[Instructions for the task] Excluding pictures, reproduce word for word the lines from the one containing "Beige Aingoo Modern" through the end of the material below.

[Data]
------

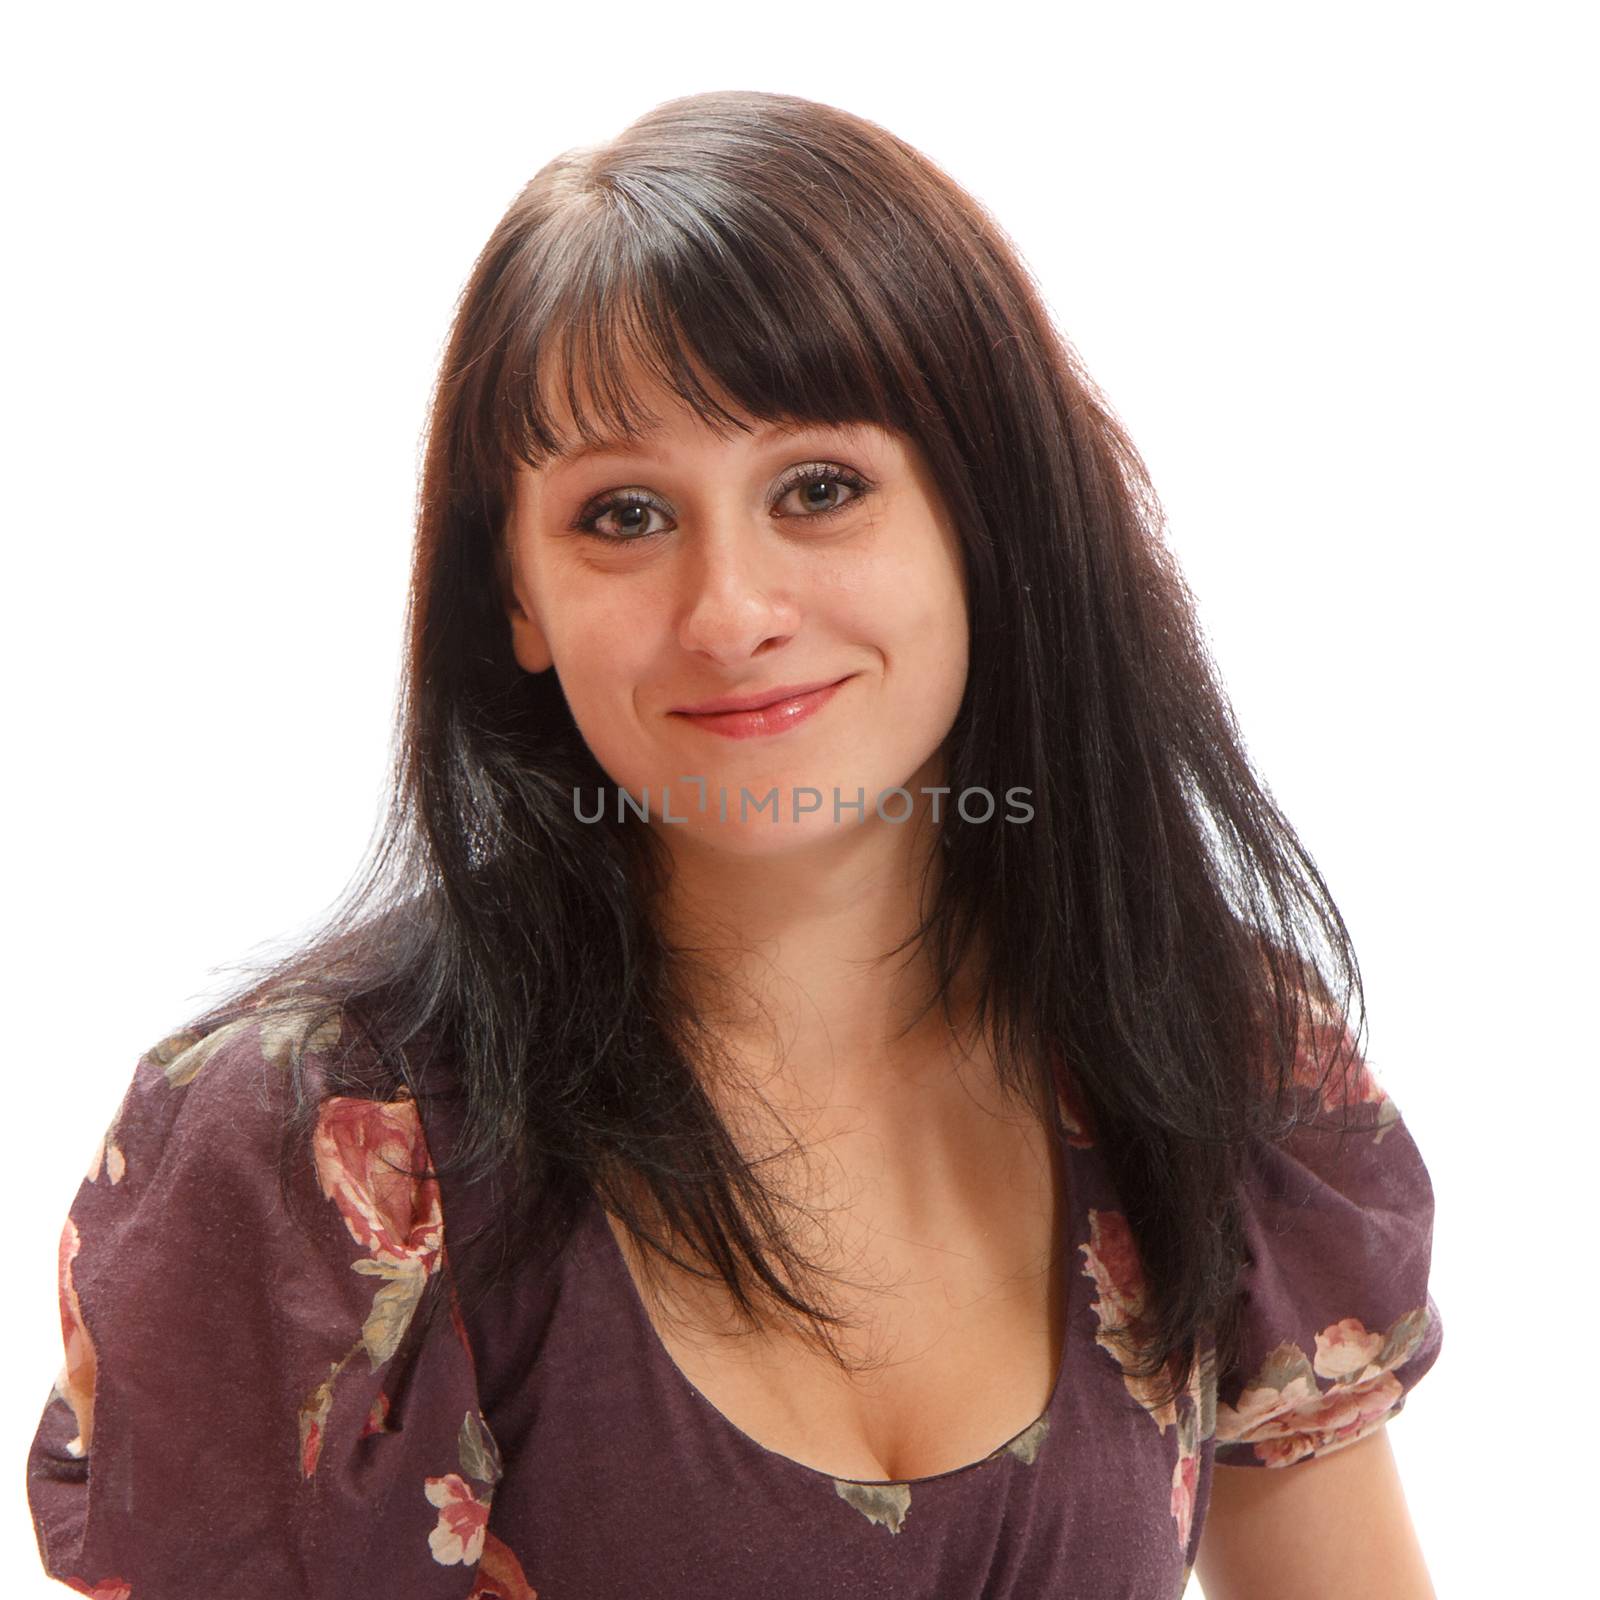 smiling woman portrait on a white background
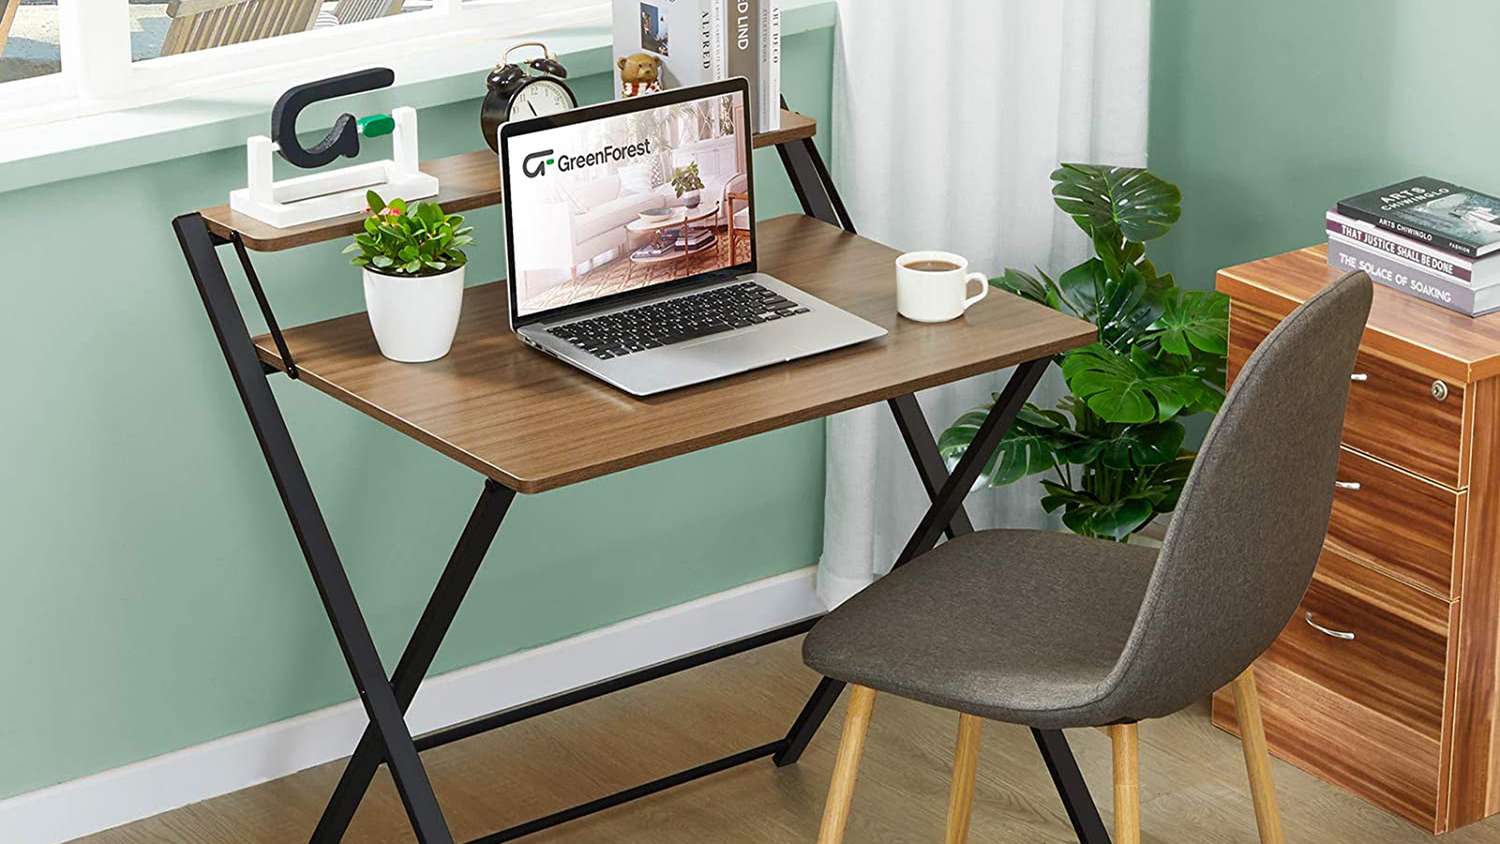 Beige Aingoo Modern Simple Computer Desk Writing Desk Home Office Desk Wooden Desk PC Laptop Desk with Unique R-shaped structure for Small Space ，Easy to assemble
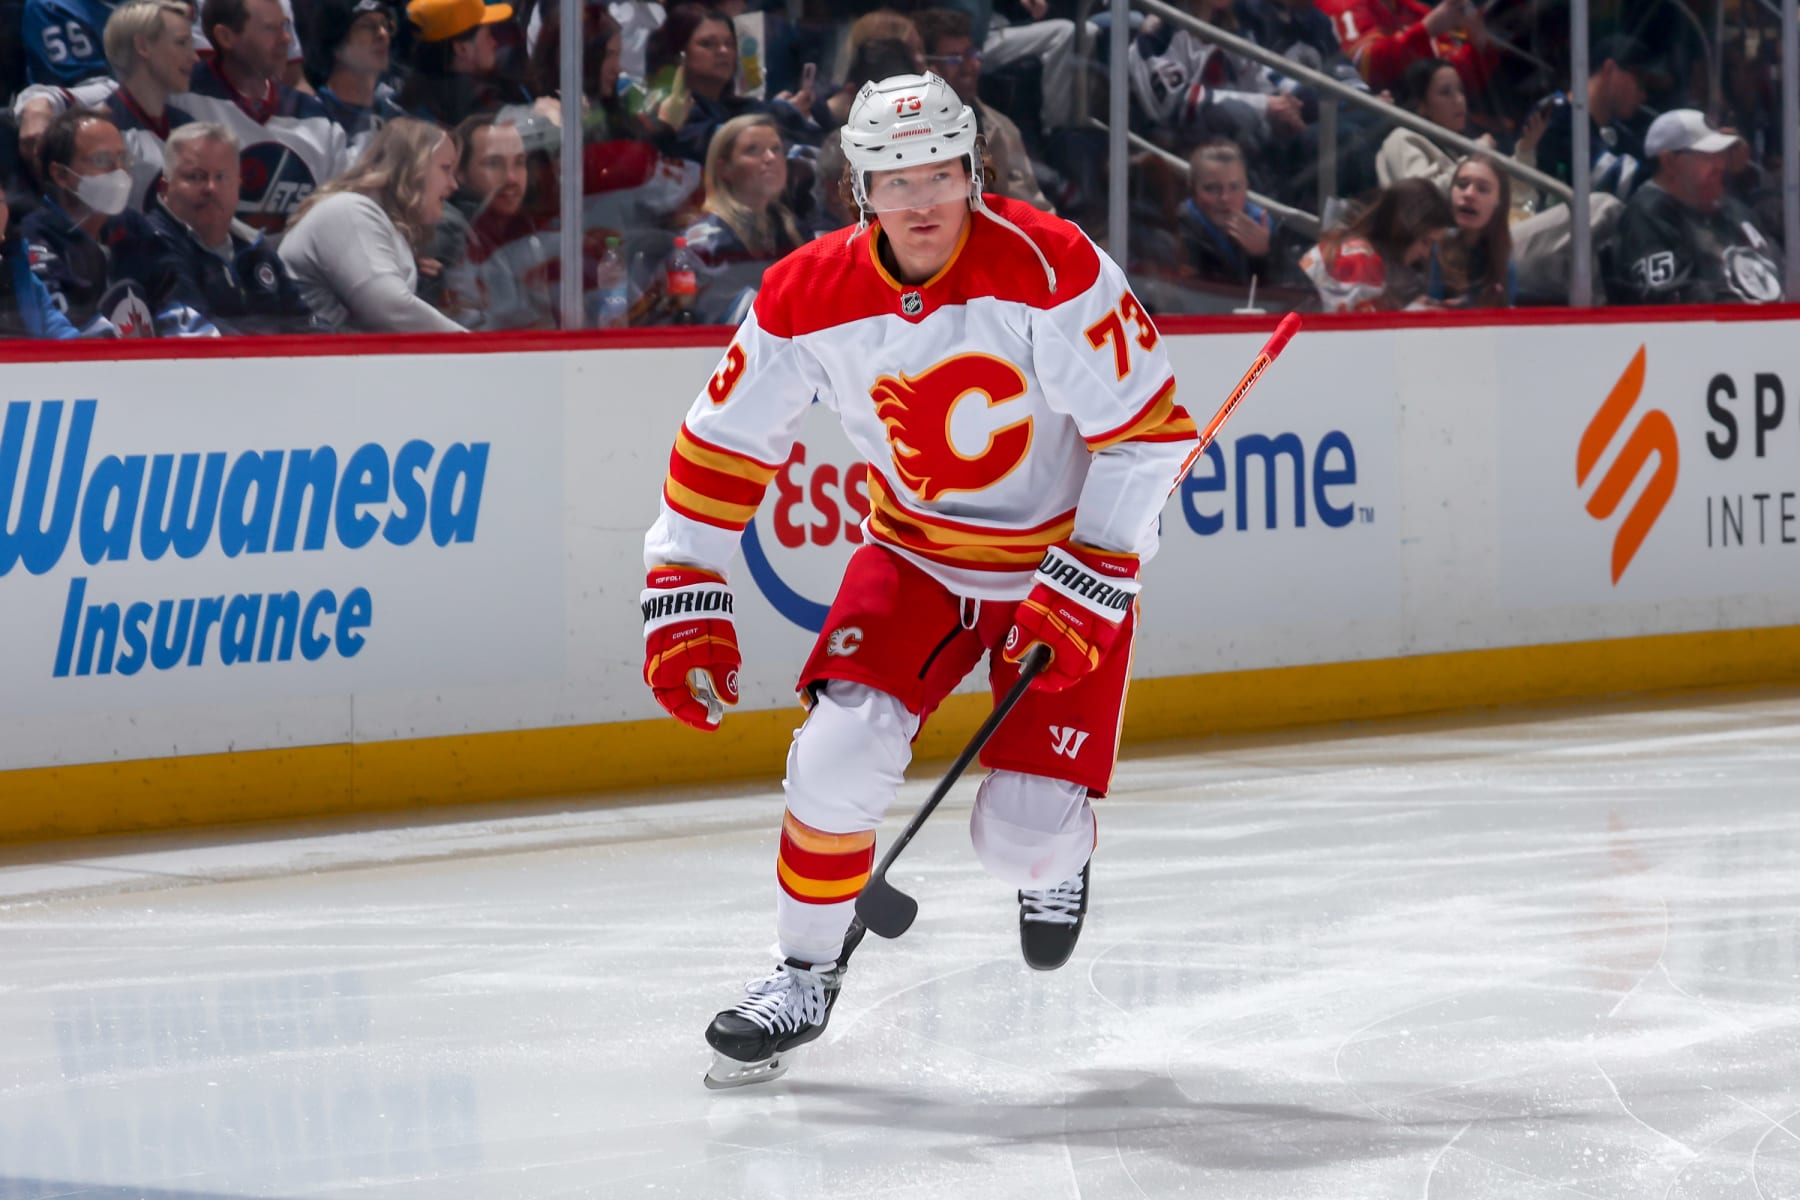 2014 /r/CalgaryFlames Top Prospects: #1 - Johnny Gaudreau (See comments for  write-up) : r/CalgaryFlames

------

[Problem solution]
 Beige Aingoo Modern Simple Computer Desk Writing Desk Home Office Desk Wooden Desk PC Laptop Desk with Unique R-shaped structure for Small Space ，Easy to assemble
 2014 /r/CalgaryFlames Top Prospects: #1 - Johnny Gaudreau (See comments for  write-up) : r/CalgaryFlames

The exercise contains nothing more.